Plant Disease magazine, January 2005 issue, Volume 89, Number 1
Selection of interpretive summaries of articles relevant to seed professionals

Illinois study finds transmission of soybean dwarf virus to U.S. soybean crops unlikely

Incidence of Soybean dwarf virus and Identification of Potential Vectors in Illinois.
Barbara Harrison and Todd A. Steinlage, Department of Crop Sciences, University of Illinois, Urbana 61801; Leslie L. Domier, USDA-ARS, Department of Crop Sciences, University of Illinois, Urbana 61801; and Cleora J. D’Arcy, Department of Crop Sciences, University of Illinois, Urbana 61801. Plant Dis. DOI: 10.101094/PD-89-0028, 2005 (online). Accepted for publication 26 July 2004.
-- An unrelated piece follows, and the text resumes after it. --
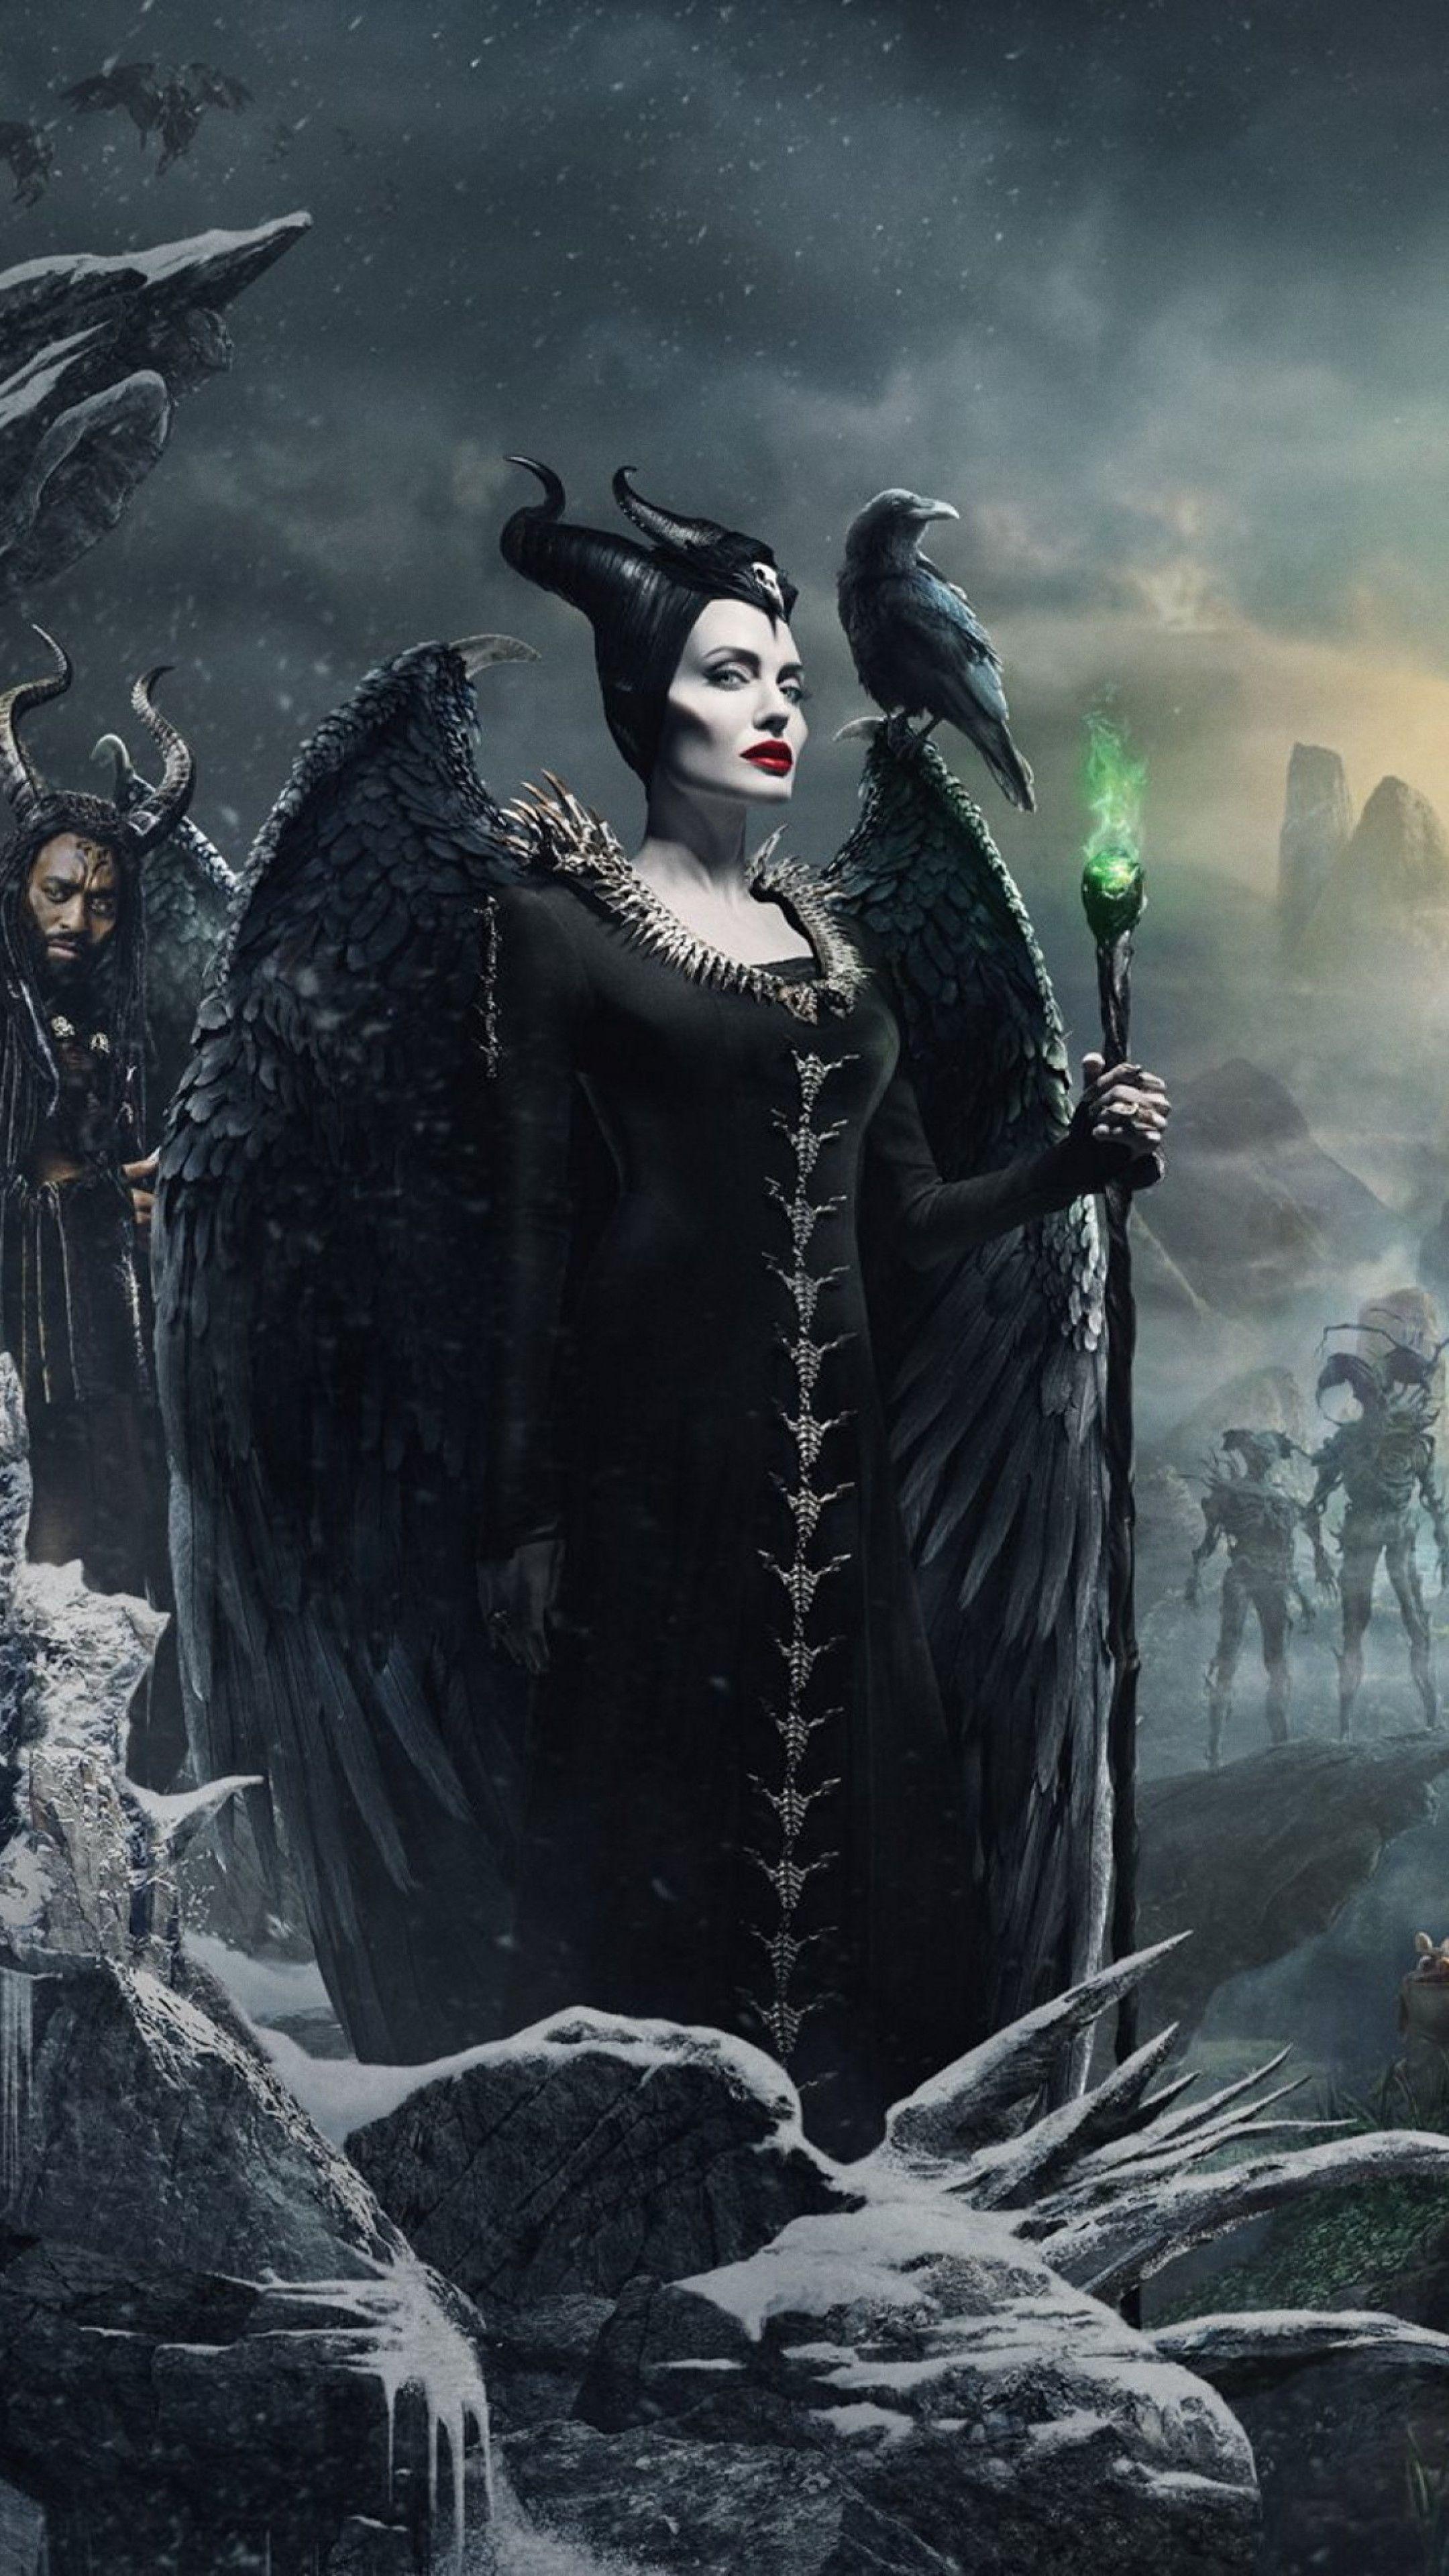 Maleficent Mistress Of Evil 4k New In 2160x3840 Resolution Maleficent Art Disney Maleficent Maleficent Quotes

Soybean dwarf virus (SbDV) is an aphid-transmitted virus that regularly causes severe yield losses in soybean in Asia. In the United States, SbDV is commonly found in clovers, but rarely infects soybean plants. Because of its persistent manner of transmission, aphids retain the ability to transmit the SbDV for days after feeding on an infected plant. The inability of SbDV to move from clovers to soybean plants in the United States has been attributed to the absence of aphids that colonize soybeans and have the ability to transmit the virus. In the summer of 2000, the Asian soybean aphid was found in North America for the first time. These highly mobile aphids colonize soybeans and have been reported to transmit several viruses. To gauge the potential of endemic SbDV strains to cause disease in Illinois, we determined the distribution of SbDV in Illinois and evaluated five aphid species, including the Asian soybean aphid, to transmit SbDV from infected clover plants to soybean. We found that almost half of the red clover plants tested were infected with SbDV and that an aphid species native to North America that does not colonize soybean transmitted SbDV poorly from clover to soybean, but SbDV was not transmitted by the Asian soybean aphid. These findings suggest that the Asian soybean aphid will not be an important vector of SbDV in the United States unless new virus strains or aphid biotypes appear.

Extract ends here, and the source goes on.